Exercise prompt: Please, from the entries below, transcribe exactly the lines that begin at the line with "Alternate Image 2" and end at the line with "Japanischer Bambusbrunnen Stockbild", without the pictures.

Given records:
***

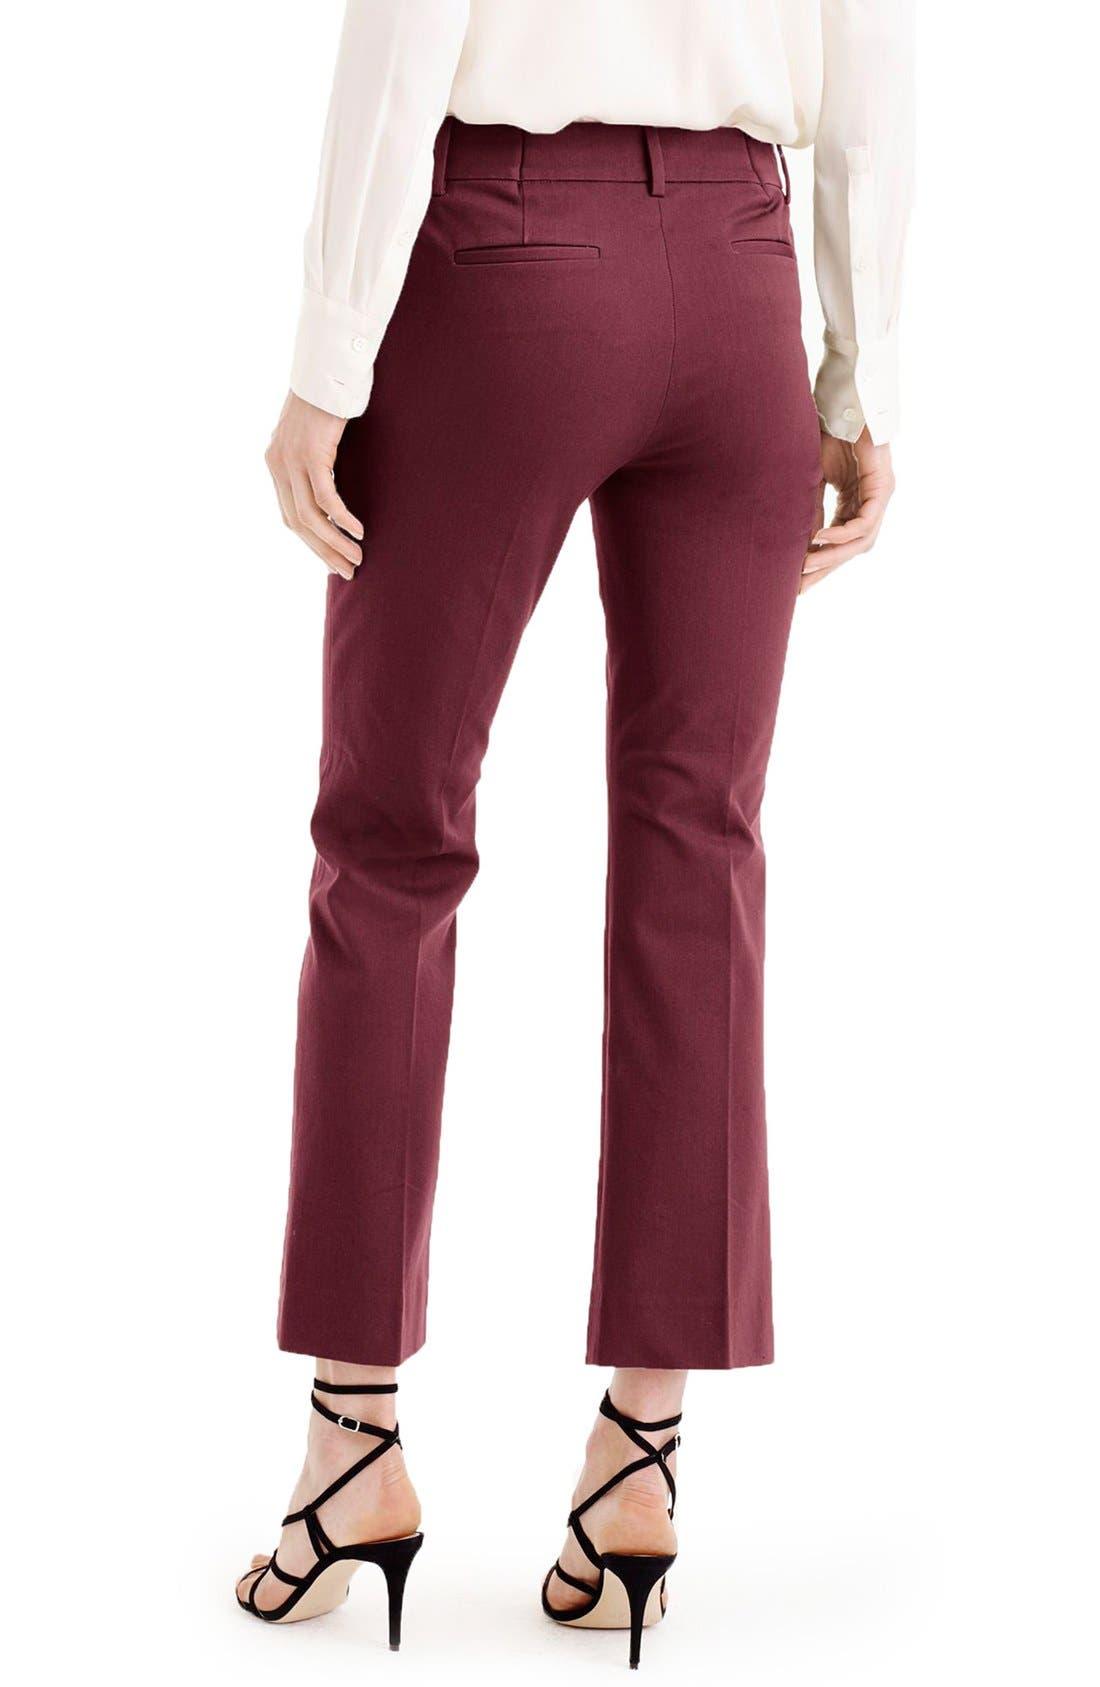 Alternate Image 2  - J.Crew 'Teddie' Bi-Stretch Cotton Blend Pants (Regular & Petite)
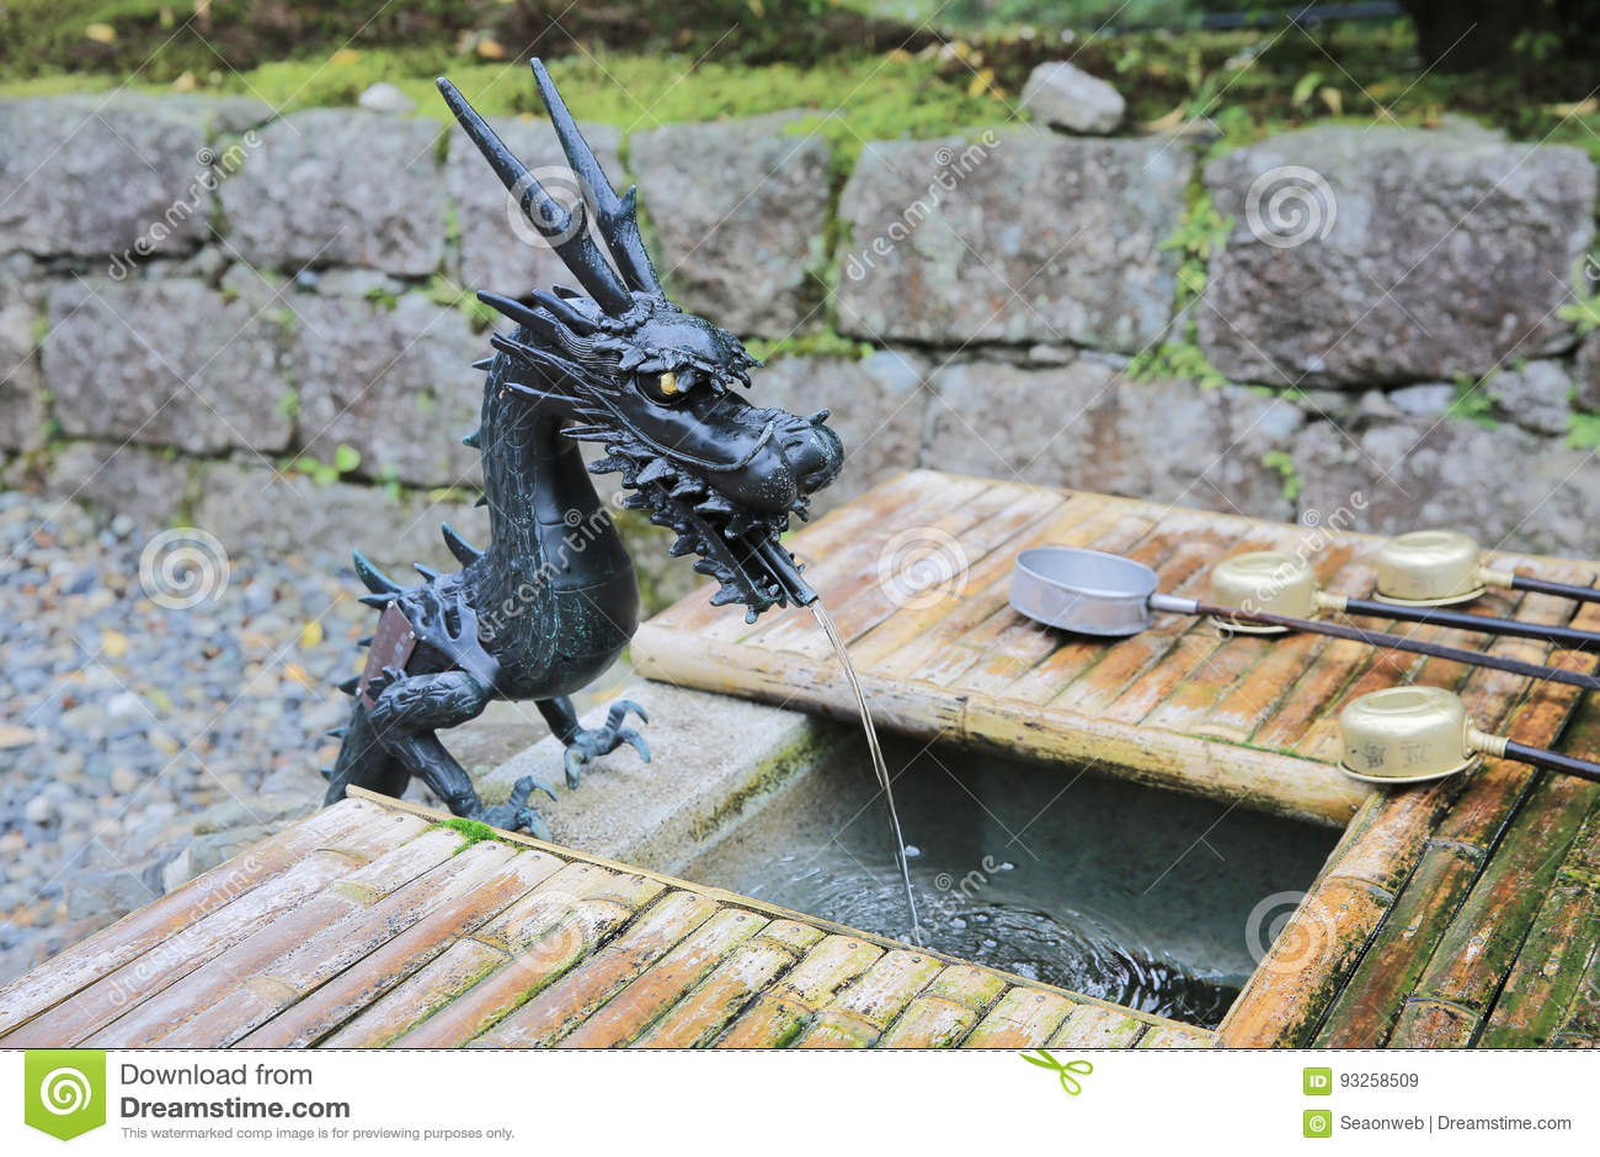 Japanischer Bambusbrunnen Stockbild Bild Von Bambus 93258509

***

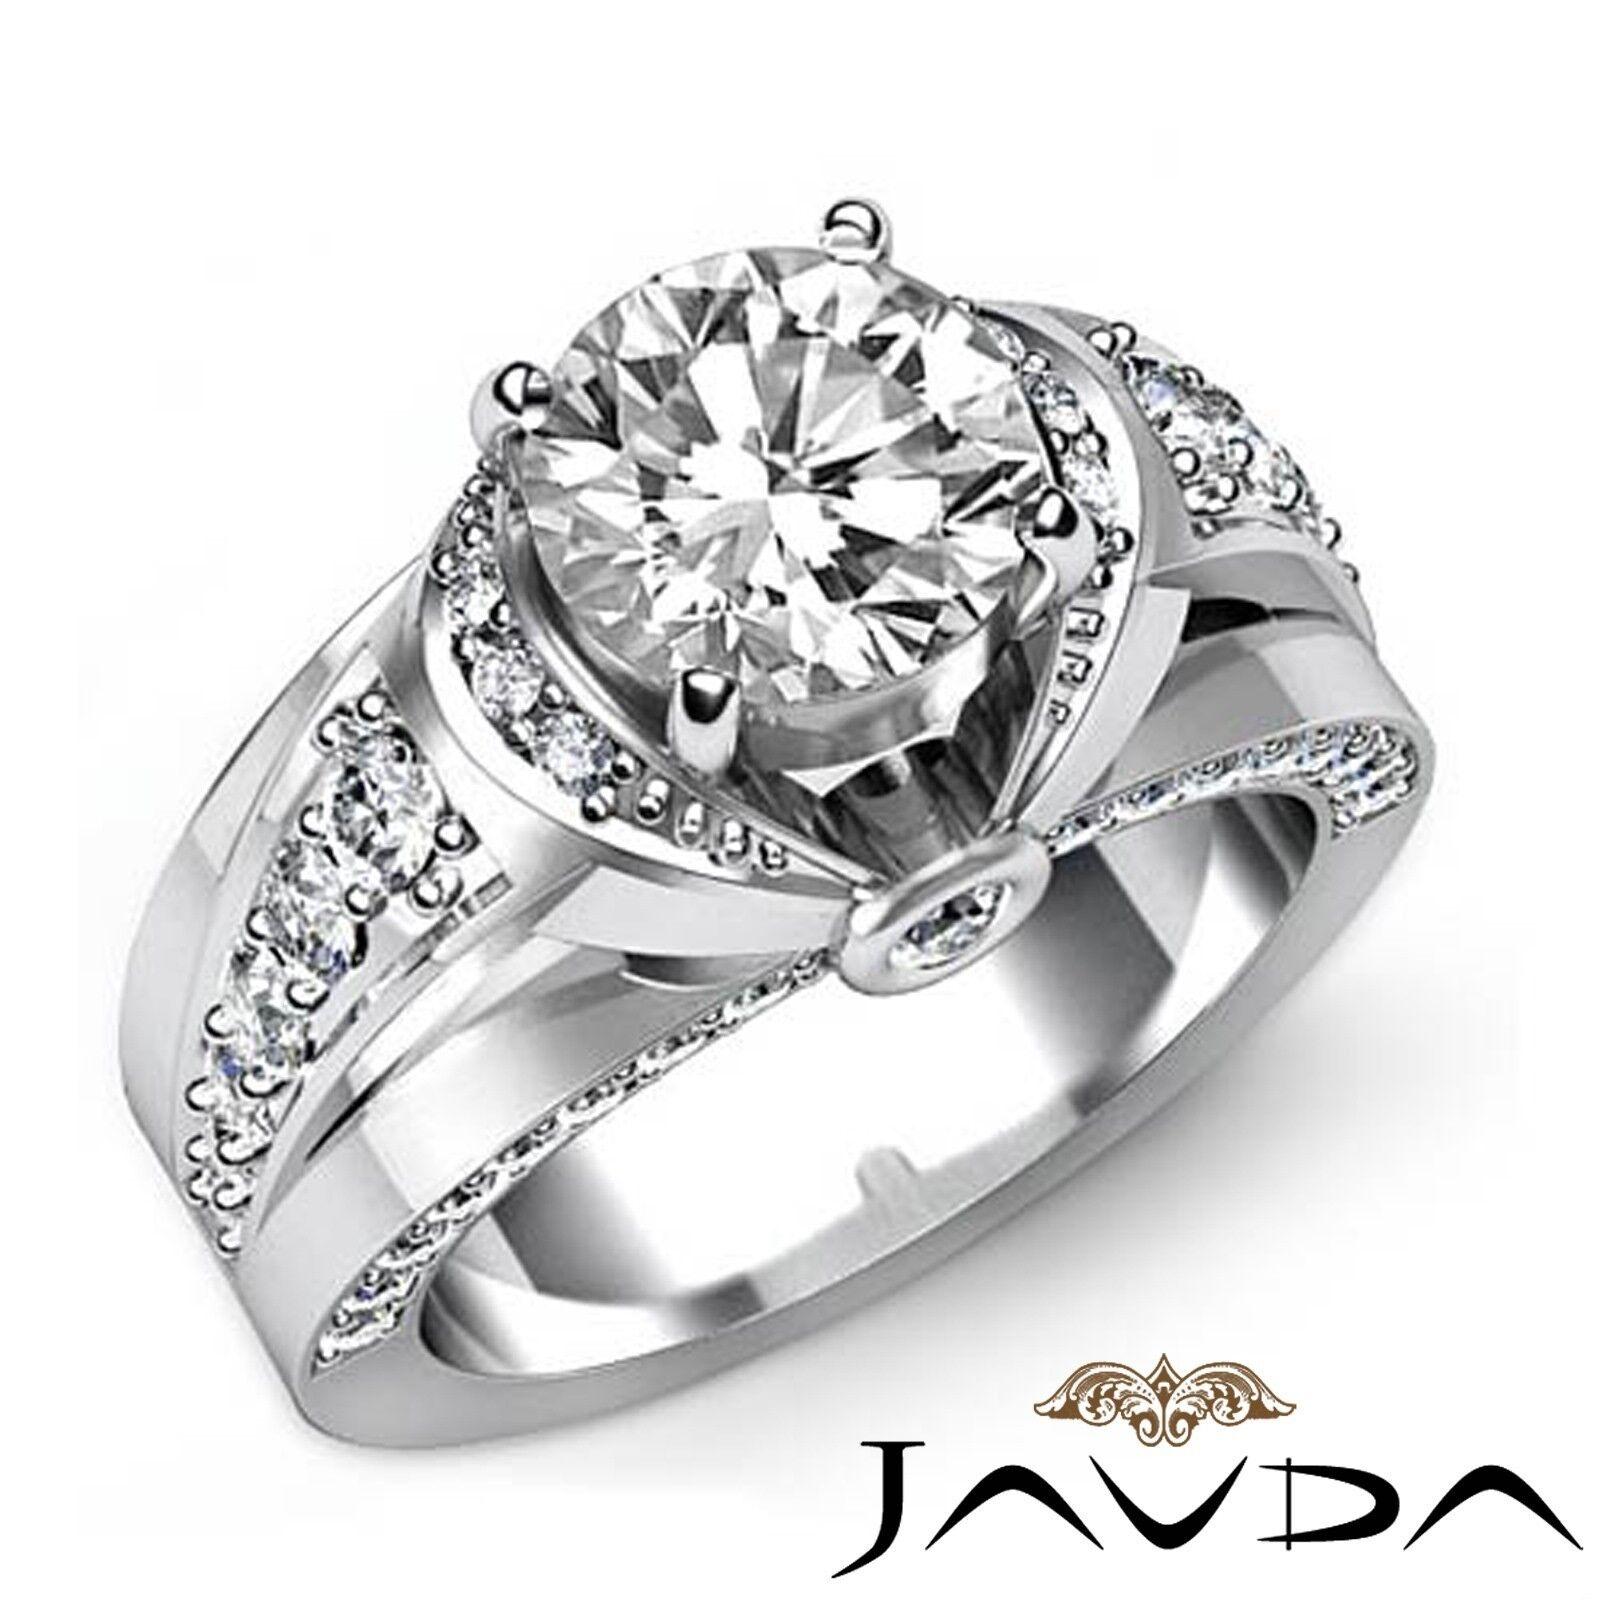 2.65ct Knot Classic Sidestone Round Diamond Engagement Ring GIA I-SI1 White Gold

***

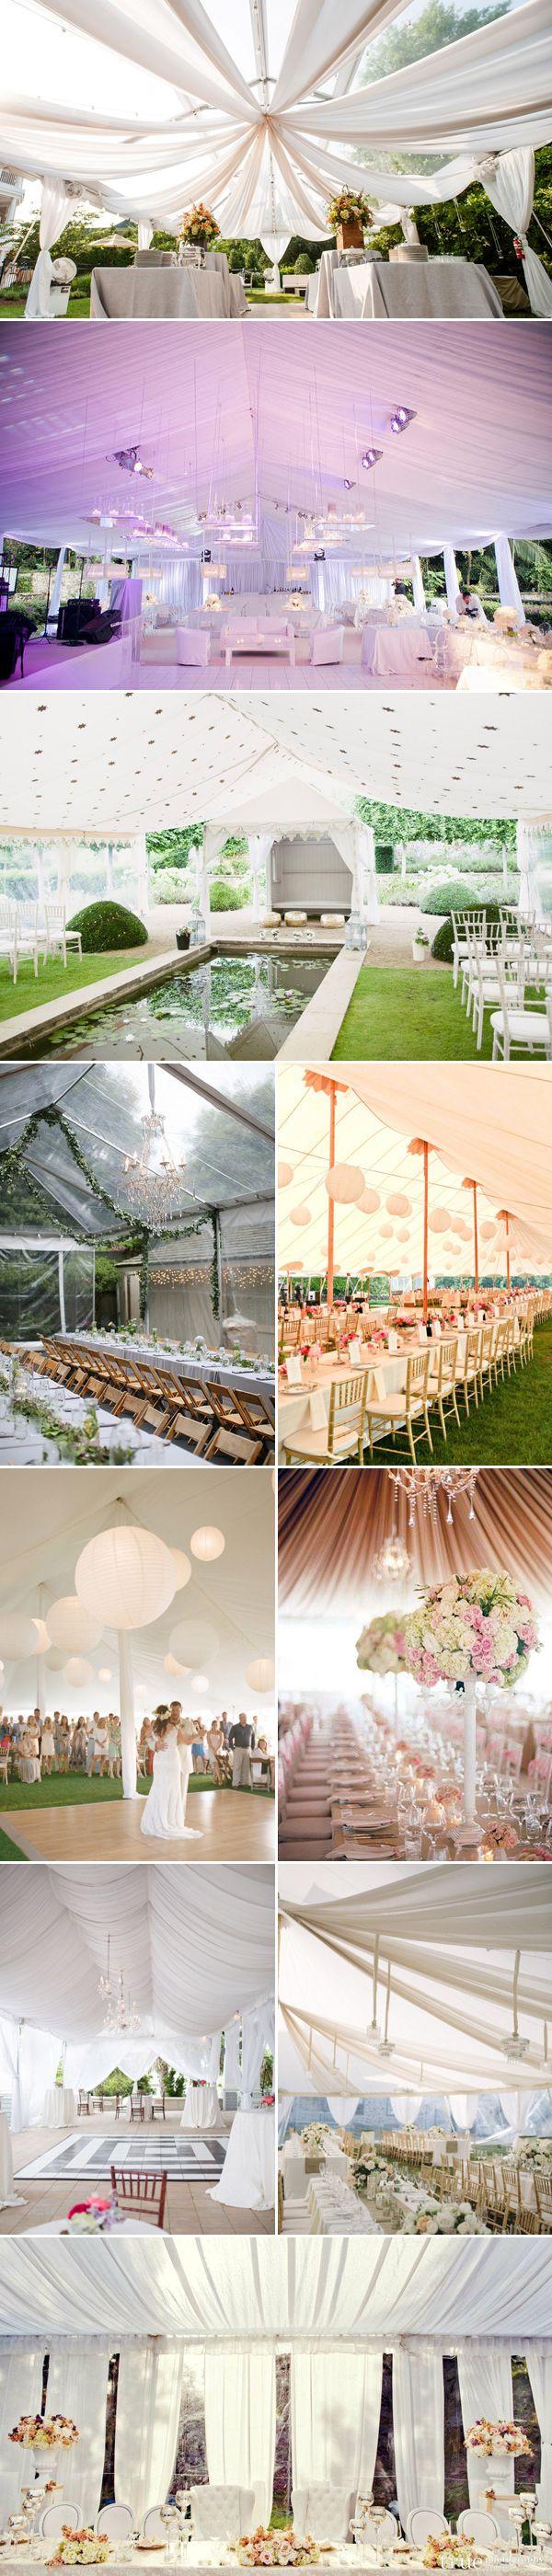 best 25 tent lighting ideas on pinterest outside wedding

***

Answer to this problem:
 Alternate Image 2  - J.Crew 'Teddie' Bi-Stretch Cotton Blend Pants (Regular & Petite)
 Japanischer Bambusbrunnen Stockbild Bild Von Bambus 93258509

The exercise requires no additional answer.